И сейчас мулла показал Ополонице свиток с печатью хана. То была ханская хартия о мире с Рязанью, которой так ждал Федор!
Успокоился старый воин, а успокоившись, полюбовался на своего воспитанника. Достойно и легко вел себя Федор на шумном пиршестве. В меру важен был, — нельзя же не важничать послу Руси великой! — улыбался без легкомыслия, хану отвечал неторопливо, дабы не показаться льстивым.
«Умен мой Федор! — подумал Ополоница. — Быть ему на Руси князем во князьях. И меня за него помянут добром в земле отеческой».
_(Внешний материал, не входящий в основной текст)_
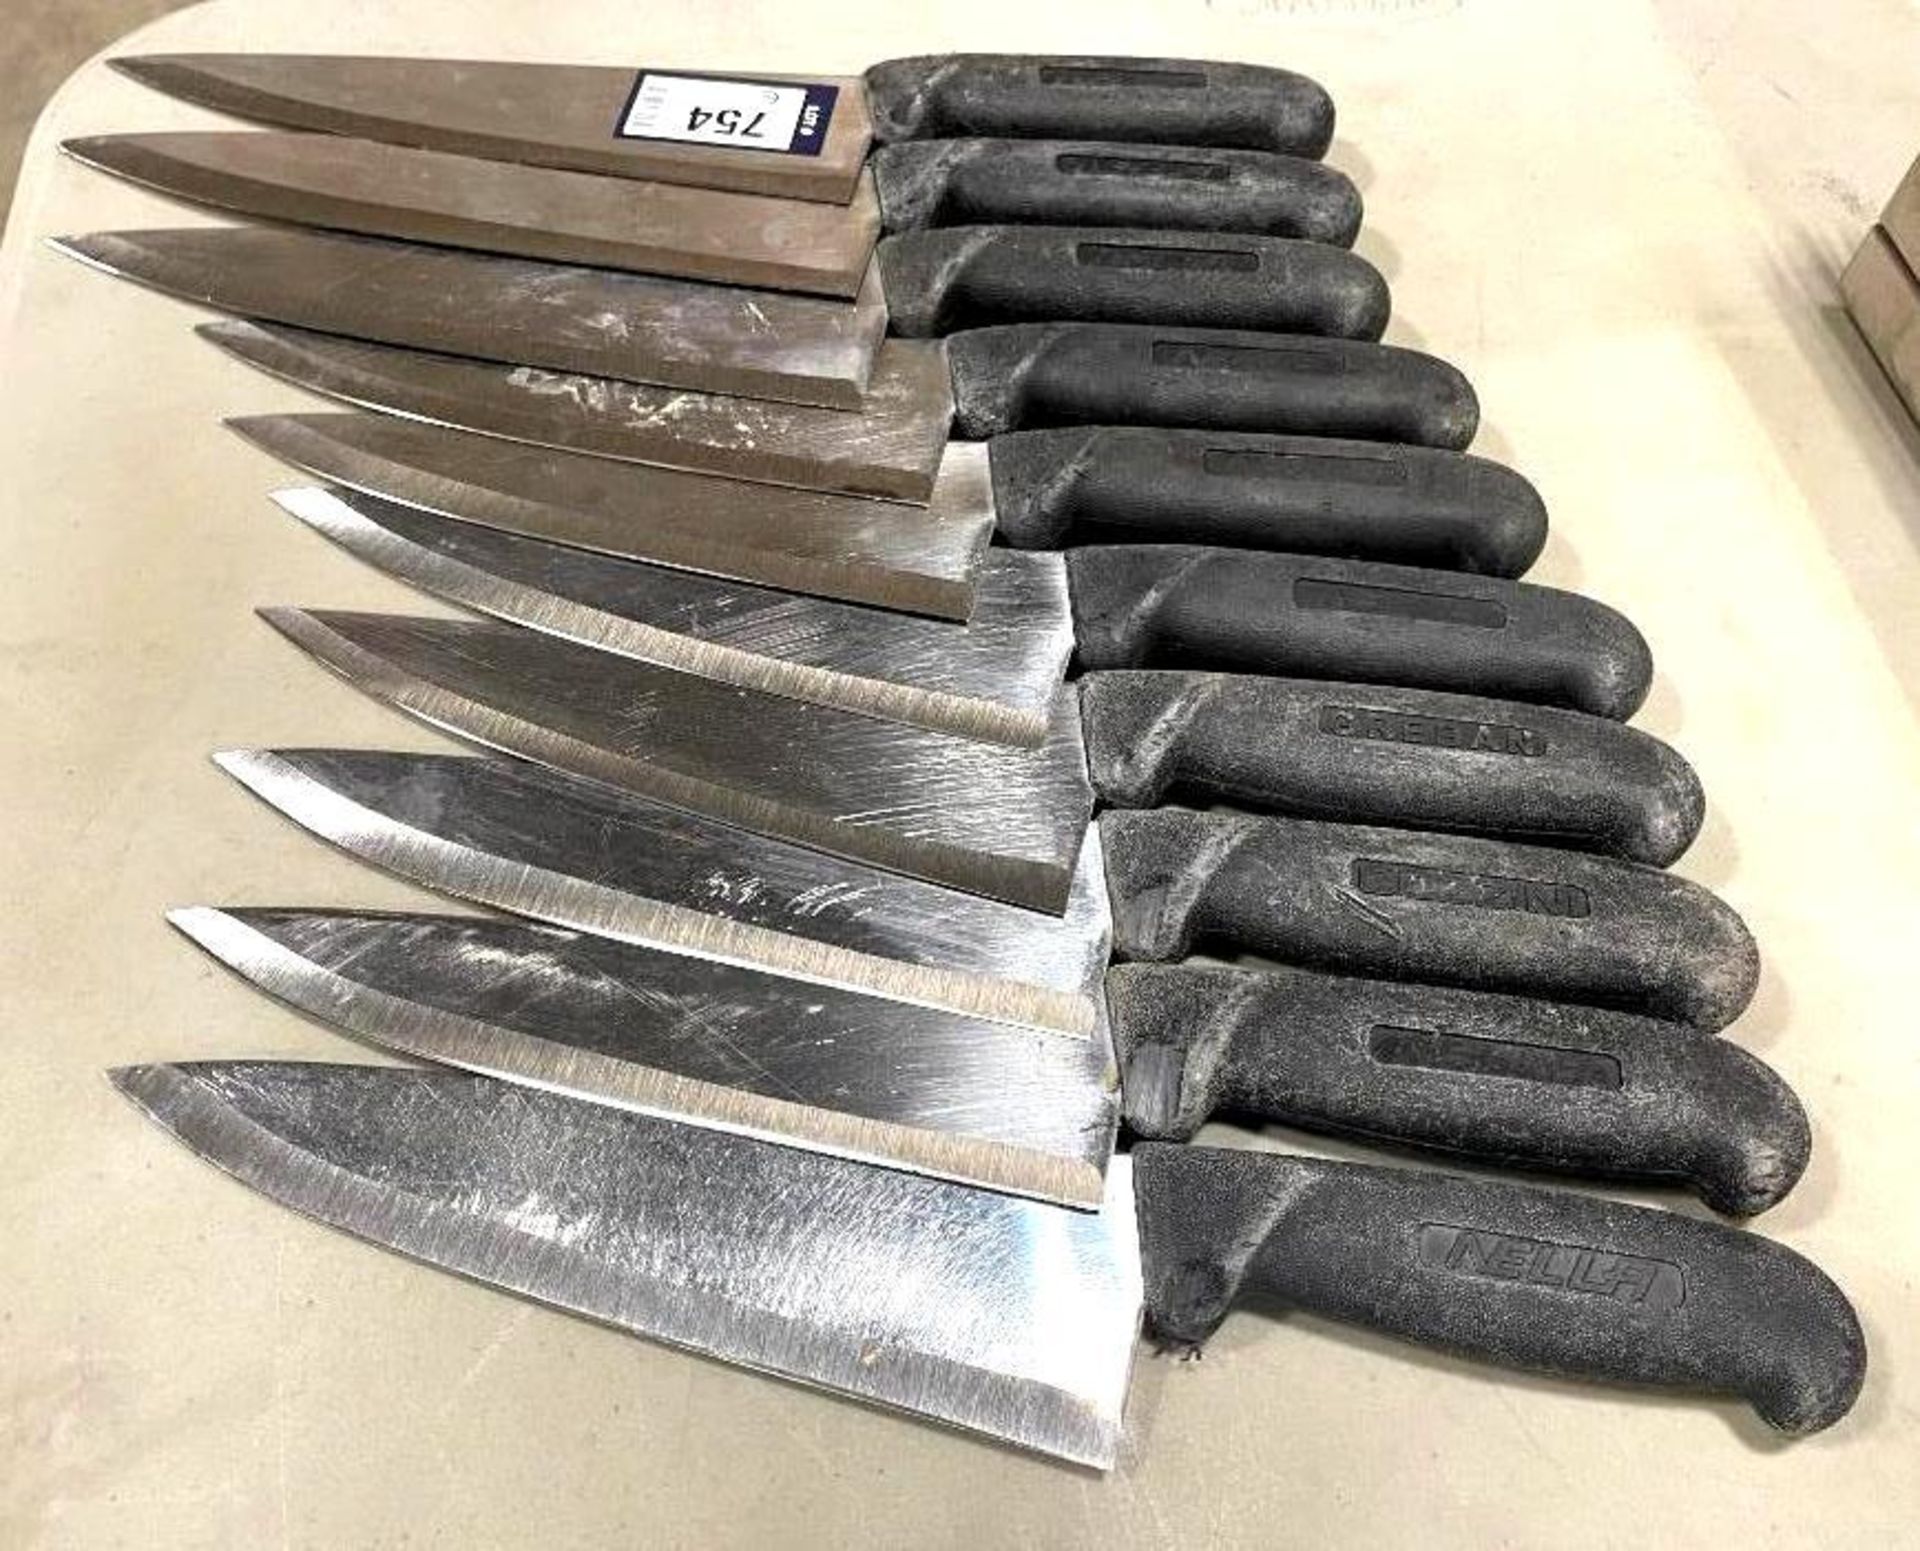 LOT OF 10 USED SHARPENED KNIVES

В эту минуту пирующие раздвинулись на две стороны. Слуги неслышно передвинули скатерти с винами и яствами. На месте остались лишь хан Батый и сидевший против него Федор. От входа в шатер и до самых ног Батыя расстелили голубой, как небо, плат. Тонкий шок колебался от теплых струй, исходивших от жаровен.
Грянули трубы и барабаны. До боли в ушах зазвенели медные тазы, в которые били смуглые арабы. И на голубые волны шелкового плата одна за другой выбежали быстроногие танцовщицы.
Алые, золотые, изумрудные и синие шаровары танцовщиц, их черные косы, унизанные монетами, жаркий блеск девичьих глаз и сверканье жемчужных улыбок — все это заискрилось, завертелось в такт музыке.
Пирующие ударили в ладоши, гикнули и вновь подняли чаши…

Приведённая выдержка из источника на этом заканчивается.